TASK INSTRUCTIONS:
Print the data exactly. Omit the pictures.

STORED DATA:
........
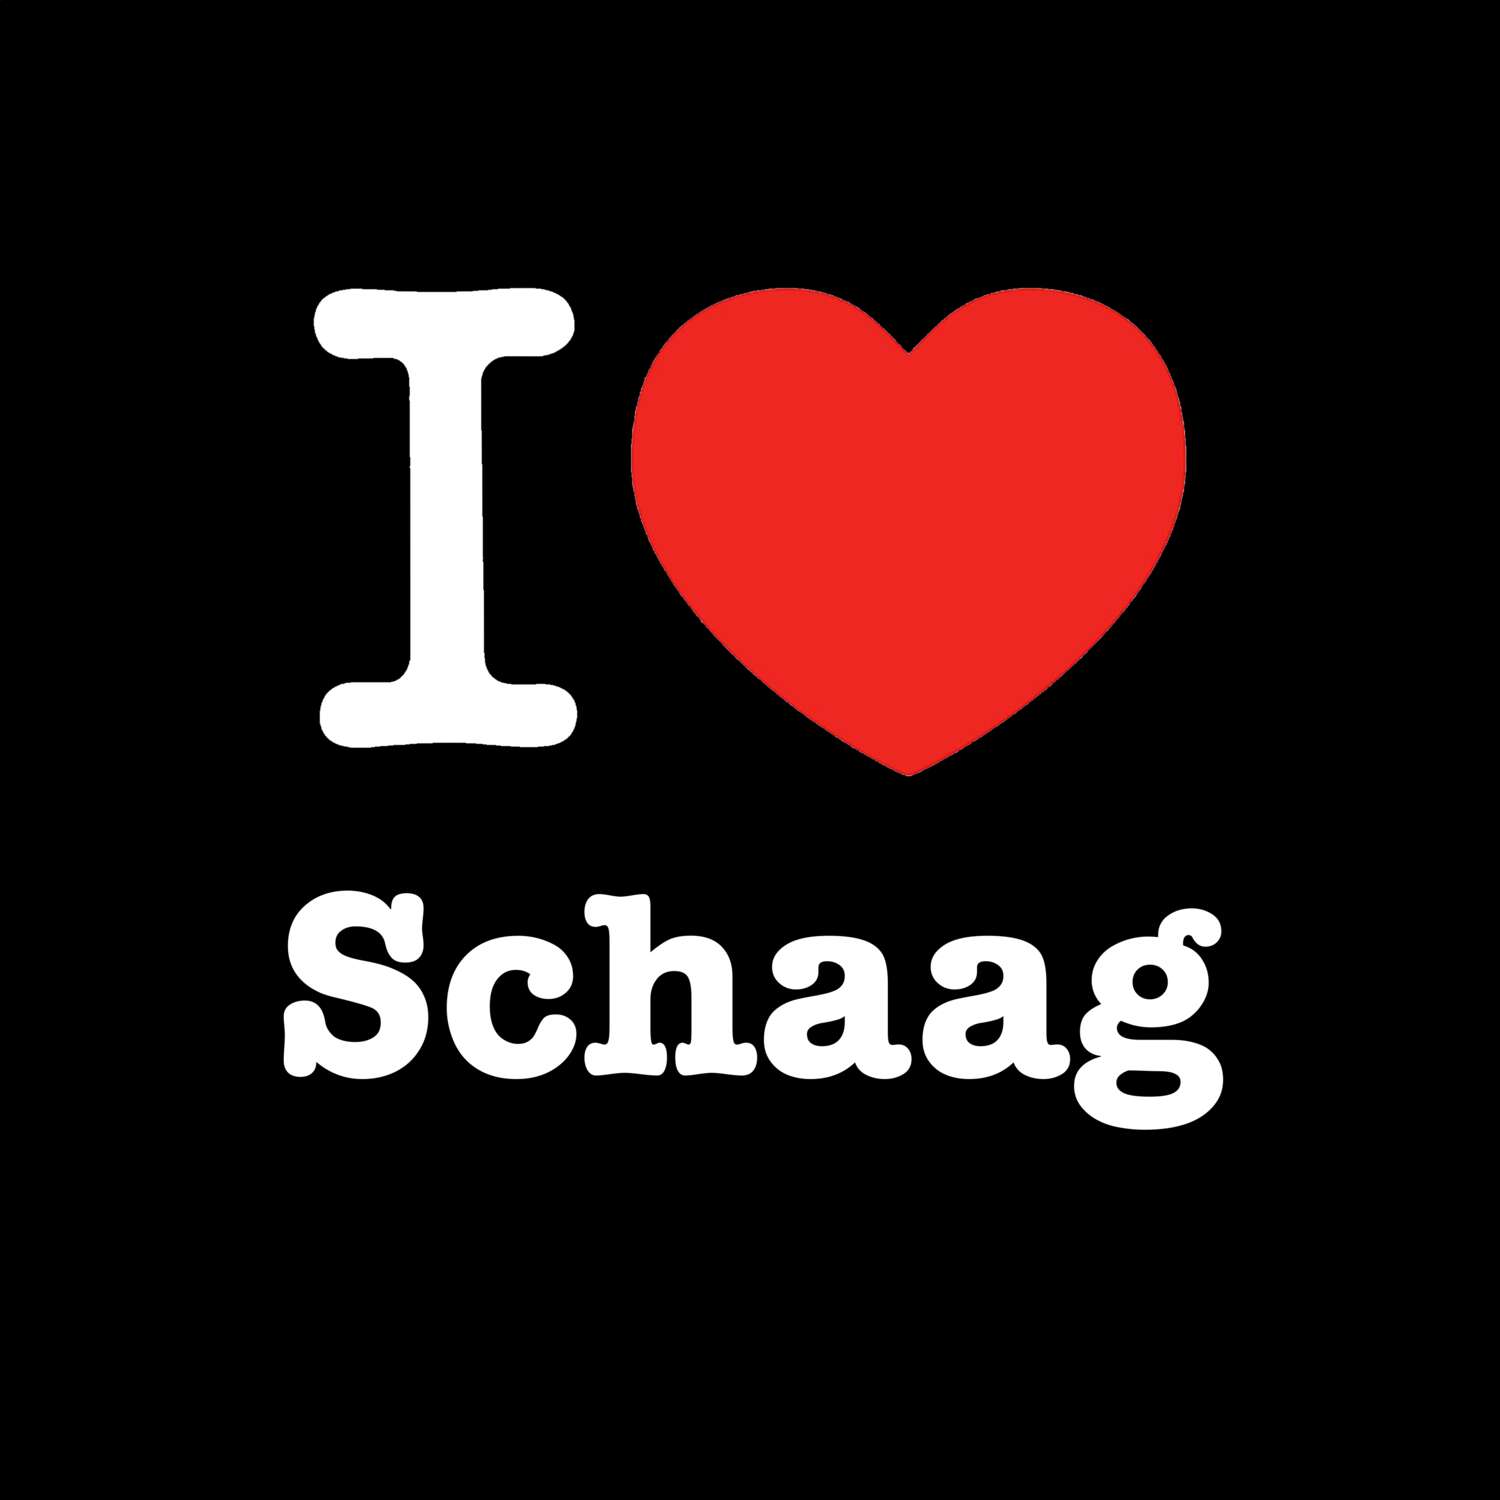 Schaag T-Shirt »I love«
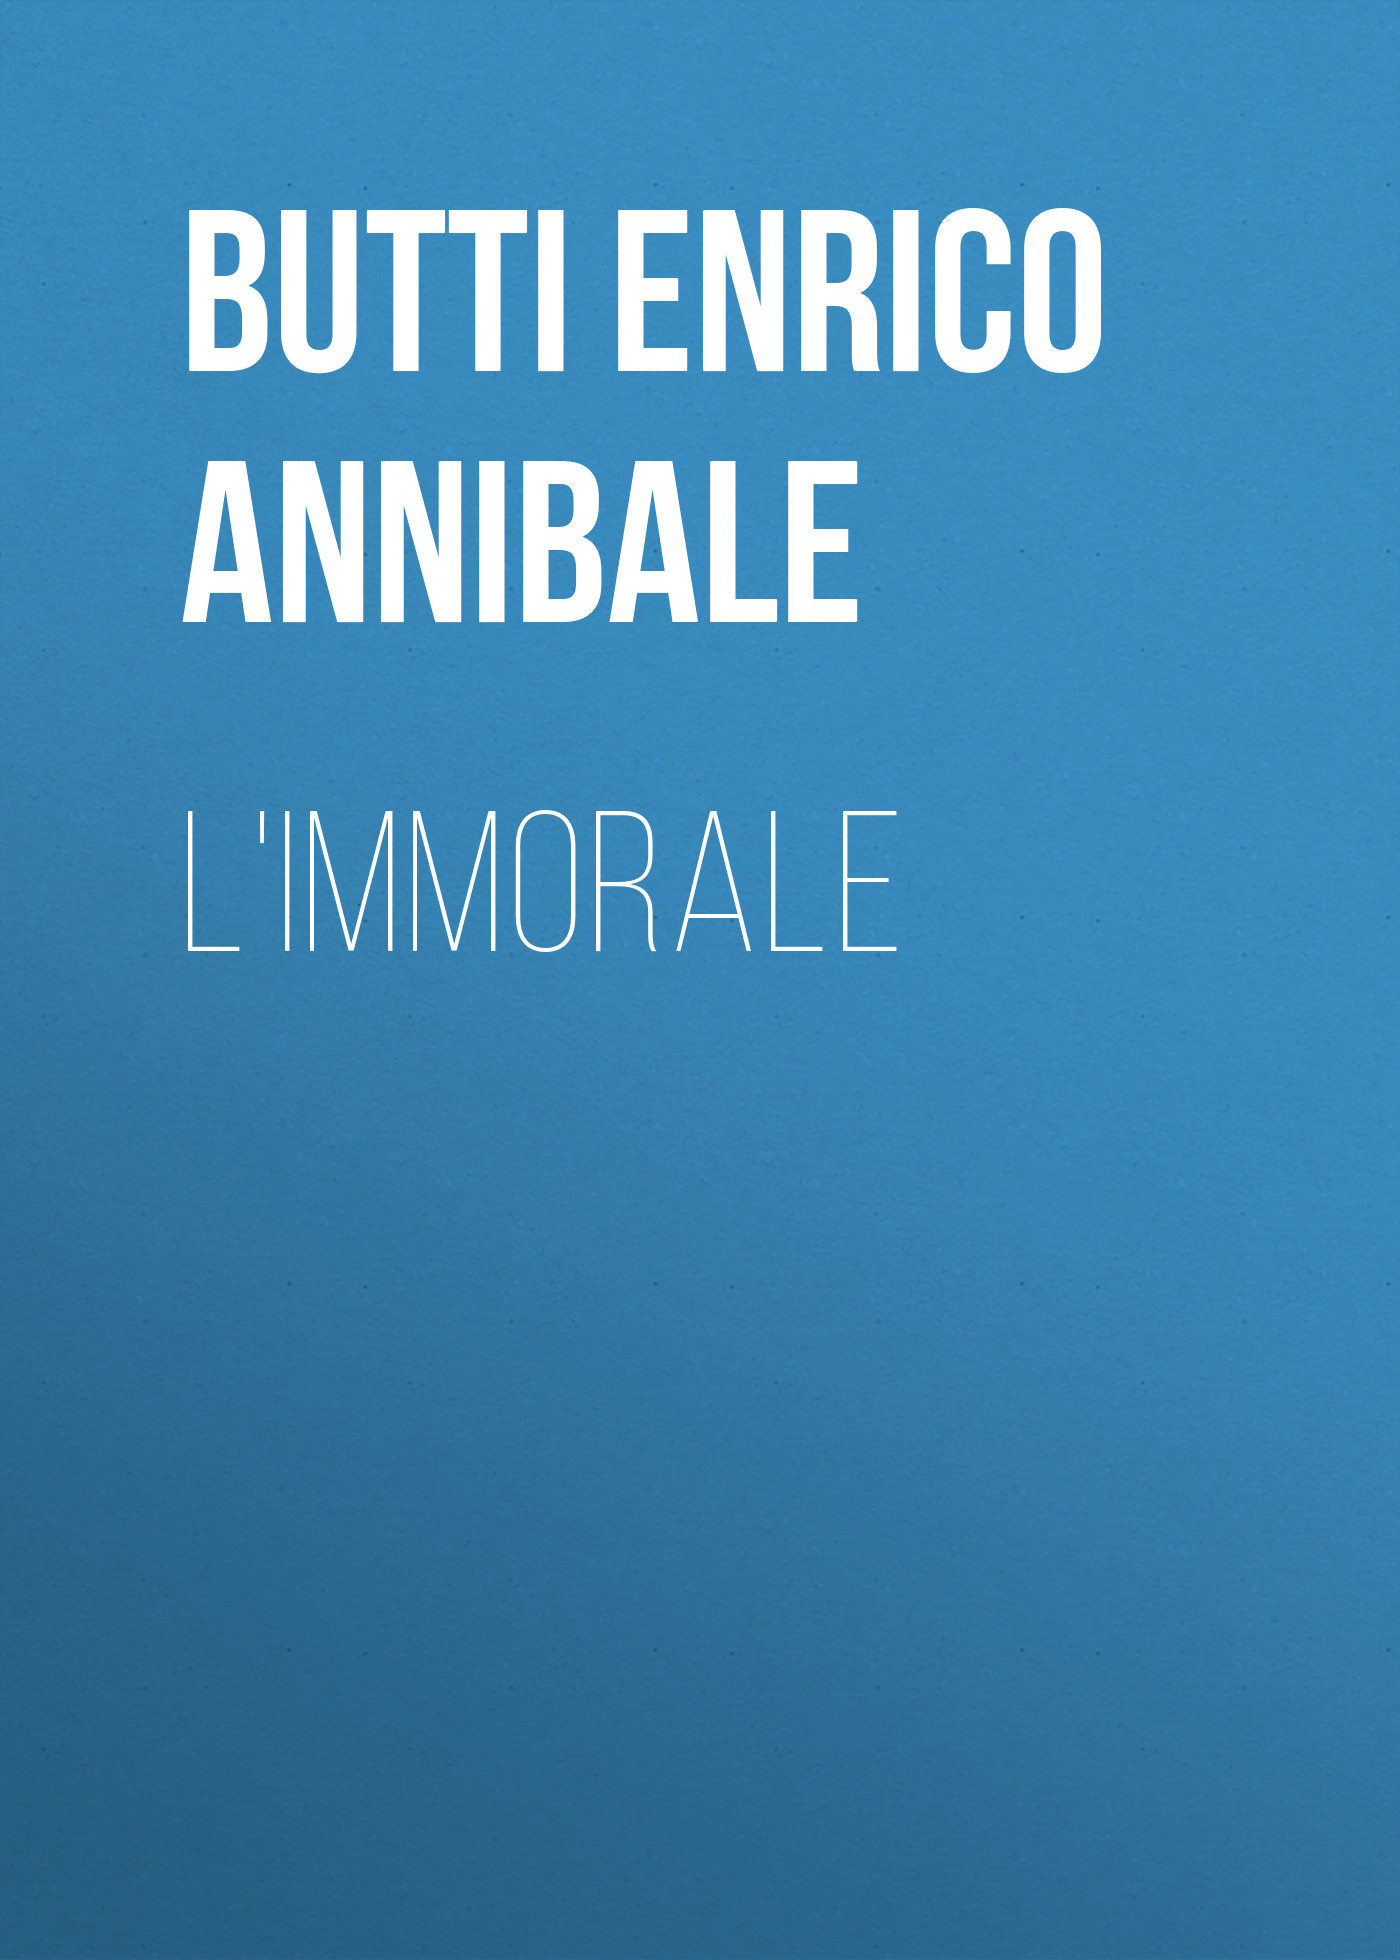 Butti Enrico Annibale L'Immorale
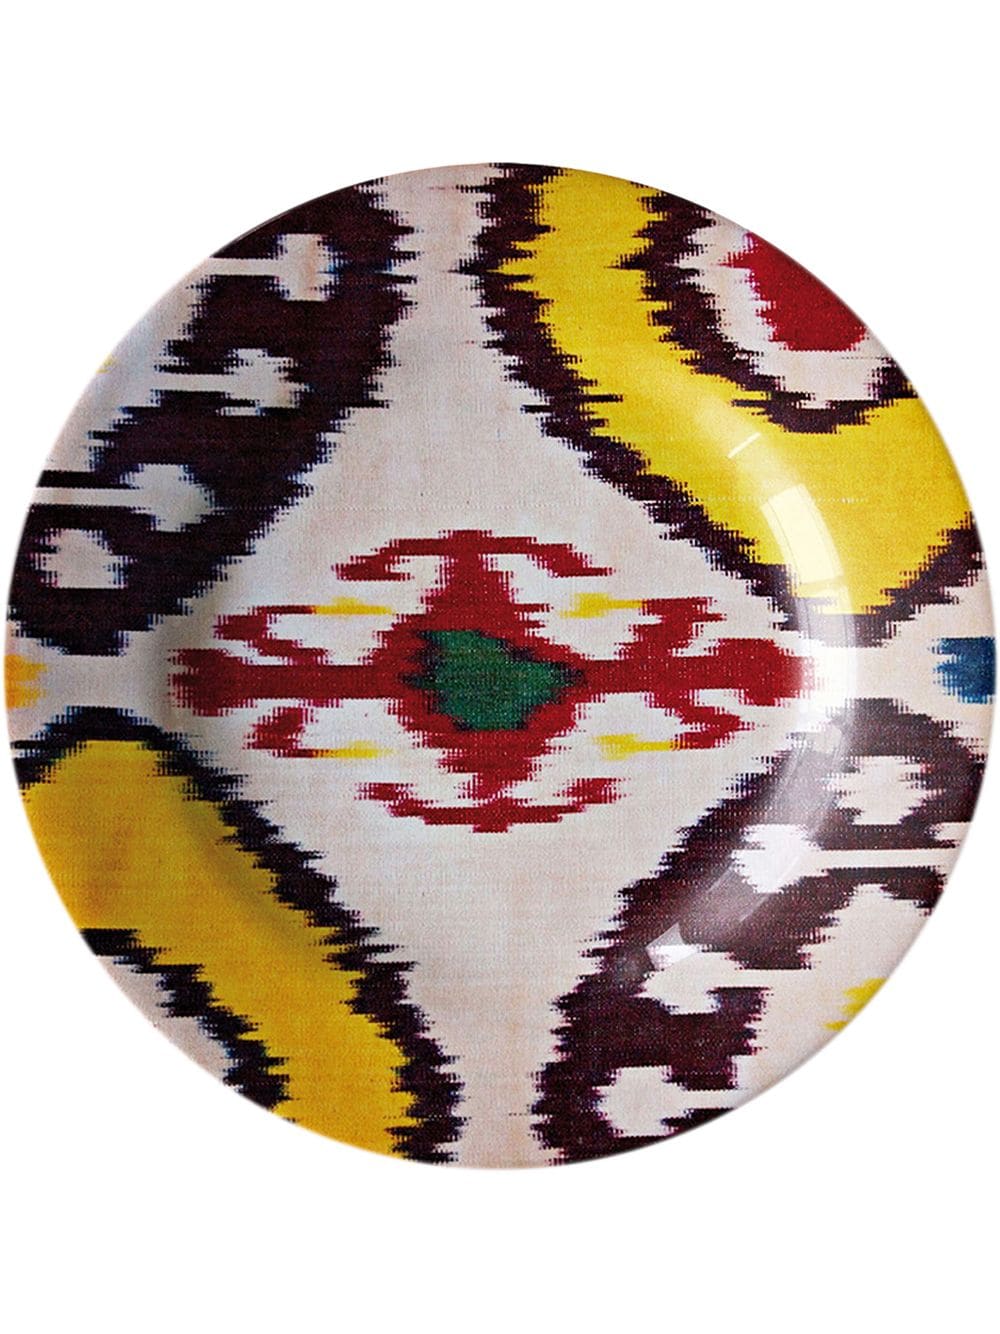 фото Les-ottomans керамическая тарелка с узором икат (19 см)
........
RESULT:
 Schaag T-Shirt »I love«
 Butti Enrico Annibale L'Immorale
 фото Les-ottomans керамическая тарелка с узором икат (19 см)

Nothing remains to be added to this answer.